This paper proposes to use the nature of the invariant spatial position of static objects to construct the semantic topography graph. By judging the similarity of semantic topology, we can find similar key frames and then quickly determine their own pose information. The process of the proposed solution is presented in Figure 3. Firstly, we extracted semantic information using the YOLOv5 network. The low dynamic regions based on the classification of the dynamic properties are saved as static regions. Secondly, the topology graph was obtained using Delaunay triangulation. Furthermore, we acquired the information of semantic nodes and edges in the topology separately. Finally, we obtained the weight of topologies with the information of semantic nodes and edges, which is used to compute similarity.

3.2. Object Detection

The robustness of SLAM is improved so that dynamic objects are identified and eliminated by the semantic information. For instance, among the same type of SLAM systems, DynaSLAM [26], Detect-SLAM [27], and DS-SLAM [22] introduce instance segmentation, object detection, and semantic segmentation, respectively. Each of these methods has its own advantages. They are capable of greatly improving the performance of SLAM by detecting and removing dynamic objects. Each of these methods has its own advantages.

Table 1. Brief relationship between segmentation accuracy and efficiency of different methods.

Method	Segmentation Accuracy	Segmentation Efficiency
object detection	low	high
semantic segmentation	middle	middle
instance segmentation	high	low

shows the brief relationship between segmentation accuracy and efficiency of different methods. As part of the vSLAM optimization process, dynamic objects are usually detected and then treated as outliers. However, semantic segmentation networks are computationally expensive, making them impractical for real-time or robotic applications. Thus, object detection methods are widely used in the preprocessing stage. In reference [8], for instance, YOLOv4 is adopted to predict classes and bounding boxes of objects in real time. Then, the dynamic object probability model is added to enhance the real-time performance of the ORB-SLAM2 system. Similarly, Theodorou, C. et al. [9] proposed a VSLAM system based on ORB-SLAM3 and on YOLOR. This system uses the object detection models YOLOX and YOLOR to detect moving objects and extract feature points.

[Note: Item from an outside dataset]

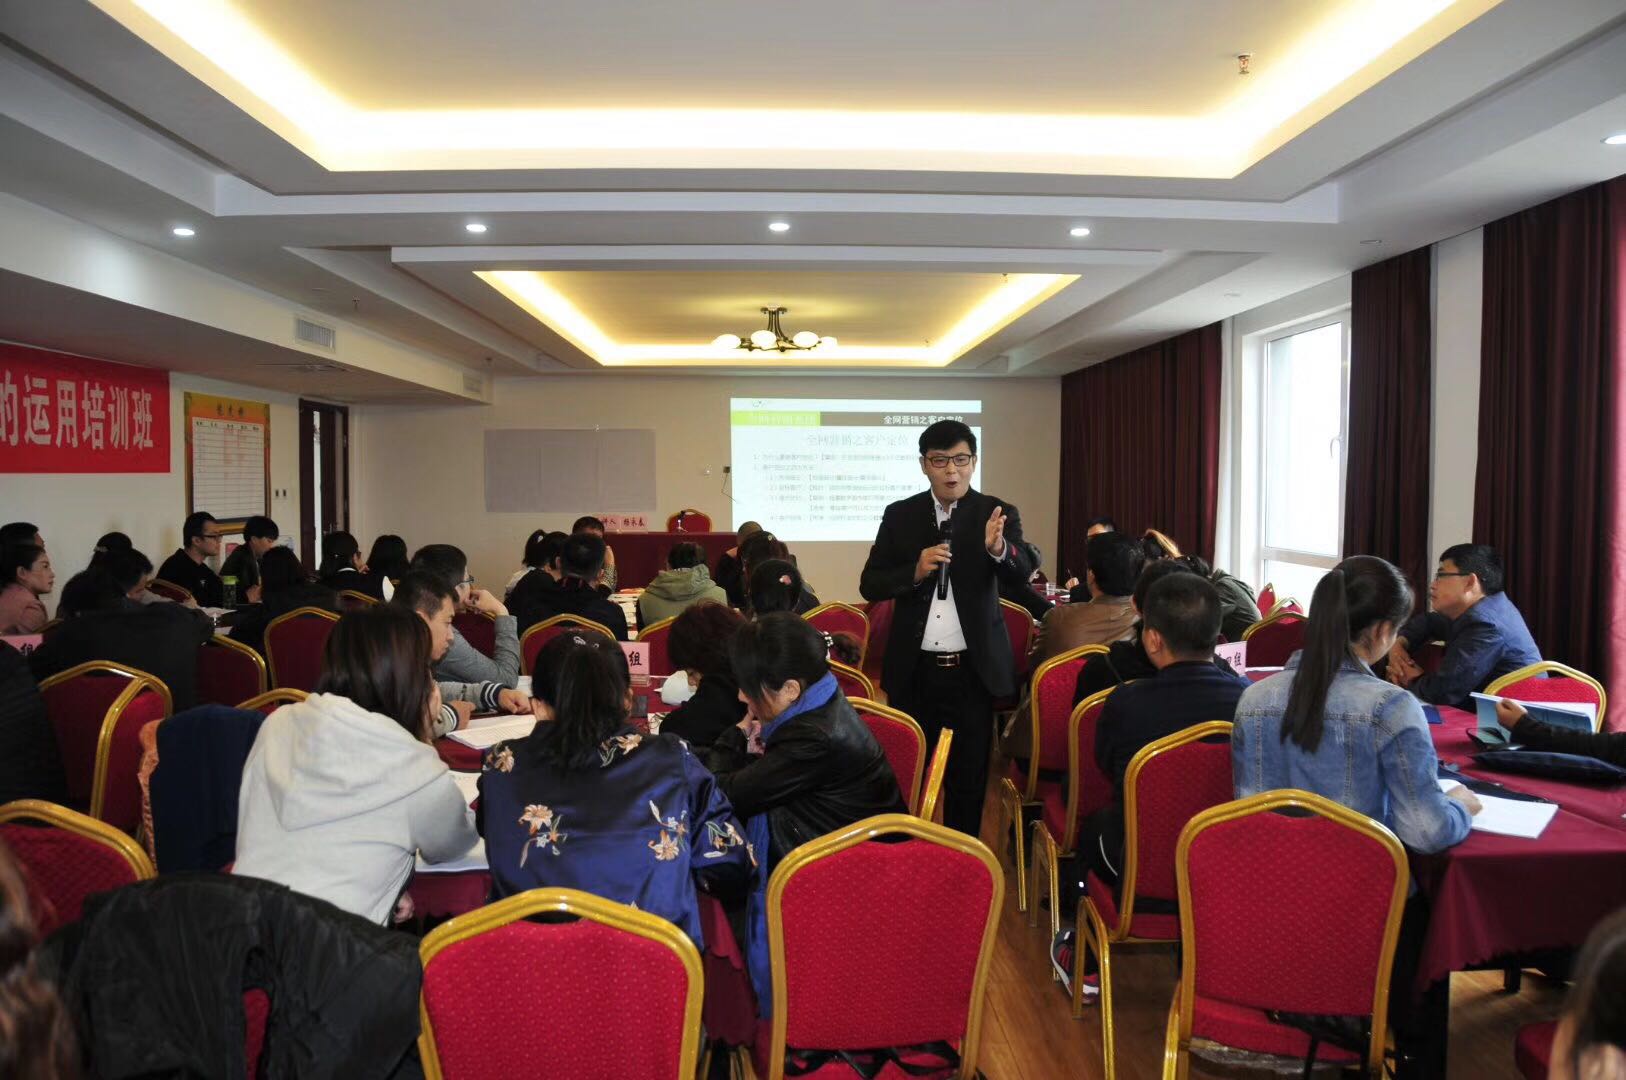 杨永春老师为山西晋城中小企业局主讲《互联网+全网营销》

On the basis of the results and semantic data in the image, a module is introduced that can remove dynamic objects. Lastly, the results show that the accuracy of this system is significantly improved in dynamic indoor environments.

In this paper, we are more concerned with the segmentation efficiency of neural networks, so it was decided to introduce the YOLOv5 network. YOLOv5 is a robust and efficient model that can detect target objects well in images [28]. Compared with YOLOv3 and YOLOv4, this model has higher accuracy and better real-time performance. The main structure of the YOLOv5 network consists of a feature extractor, a multi-scale feature fusion module, a prediction head, and a post-processing module. The feature extractor uses the CSPNet structure, which can quickly extract image features [29]. The module of multi-scale feature fusion can improve the detection accuracy through the fusion of feature maps with different resolutions. The prediction head consists of a classifier and a repressor, which are used to quickly predict the location and category of the detection box. The post-processing module can remove redundant detection results by performing non-extreme value suppression operations on the data.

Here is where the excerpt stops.